The release-flag workflow
1. PR adds new code behind flag, default off.
2. Merge to main; deploy. Code is dark.
3. Enable for internal users (employee email allow-list).
4. Enable for 1% → 5% → 25% → 50% → 100% over days.
5. Monitor error rates and product metrics per cohort.
6. At 100% stable for a week, schedule removal.
7. PR removes the flag check; code becomes default.
8. Delete the flag definition.The experiment-flag workflow
1. Define hypothesis + primary metric.
2. Set variant split (e.g., 50/50).
3. Run for N users / N days for statistical power.
4. Analyze; pick winner.
5. Ship the winner; delete the loser path.Need a stats layer (CI intervals, p-values, sequential testing). Don't roll your own — use GrowthBook / Statsig / Optimizely.
Pitfalls
- Flag depth. Code paths nested 3 flags deep are untestable. Limit nesting; refactor into composable branches when needed.
- Flag-coupled state. Storing data shapes that differ per variant is dangerous — both branches must read each other's data on rollback.
- Hash drift. Changing the hash function or seed reshuffles users; an experiment in flight gets invalidated.
- Client-side only. Easy mode; opens the door to flicker, bundle-bloat, and tampering (user toggles flag in DevTools). Server-side at minimum for sensitive flows.
- Default-on flags. Make a deploy non-rollbackable for users already on. Keep defaults off until tested.
- No removal owner. "I'll clean up later" never happens. Owner + expiry up front.
Tooling — build vs buy
| Need | Build | Buy |
|---|---|---|
| 10 flags, 10 engineers | YAML config in repo, deploy on change | overkill |
| 100 flags, 50 engineers | Self-host (Unleash, GrowthBook OSS) | LaunchDarkly / Statsig |
| Experiment statistics | Hard — use a library | GrowthBook / Statsig built-in |
Build when flags are simple, infrequent, or compliance-restricted. Buy when you need targeting rules, gradual rollouts with monitoring, and experimentation in one place.
Senior framing. The candidate who can describe (1) flag types separation, (2) server-side evaluation to avoid flicker, (3) sticky hashing for consistent assignment, (4) lifecycle / cleanup process, (5) build-vs-buy with reasons — is senior. The "we use process.env.FEATURE_X" answer is junior.
Follow-up questions
- •Why is server-side evaluation usually preferred?
- •What metadata does every flag need to avoid permanent accumulation?
- •How would you handle a long-running experiment fairly across new users joining mid-experiment?
- •What's the trade-off between LaunchDarkly and self-hosted Unleash?
Common mistakes
- •Mixing release flags and experiment flags in one system.
- •Client-only evaluation causing flicker.
- •No cleanup process — flag debt accumulates.
- •Defaults that fail-open into unfinished code paths.
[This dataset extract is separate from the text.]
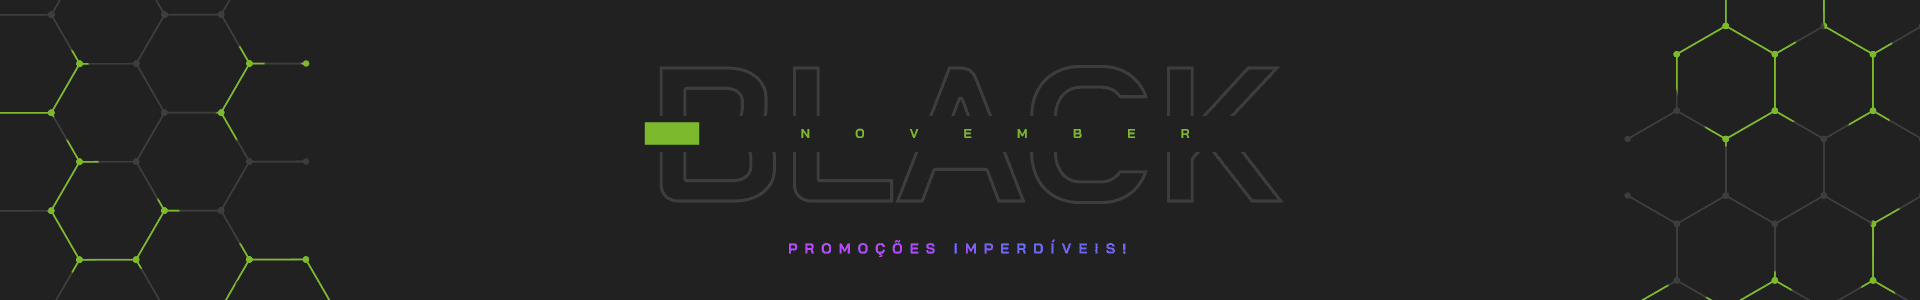 blacknovember-interno

Performance considerations
- •Edge evaluation needs cache vary keys per flag combination — can balloon CDN entries.
- •Client SDKs have a small initial payload + a streaming connection for live updates — budget the kB.
Edge cases
- •Anonymous → logged-in user assignment continuity.
- •Flag rollout during a deploy — code expects flag to exist before the value is published.
- •Multi-region: flag changes propagate asynchronously; brief inconsistency between regions.
Real-world examples
- •LaunchDarkly, GrowthBook, Statsig, Optimizely, Vercel Toolbar flags.
- •GitHub's `feature.enabled` system, Shopify's stages of rollout.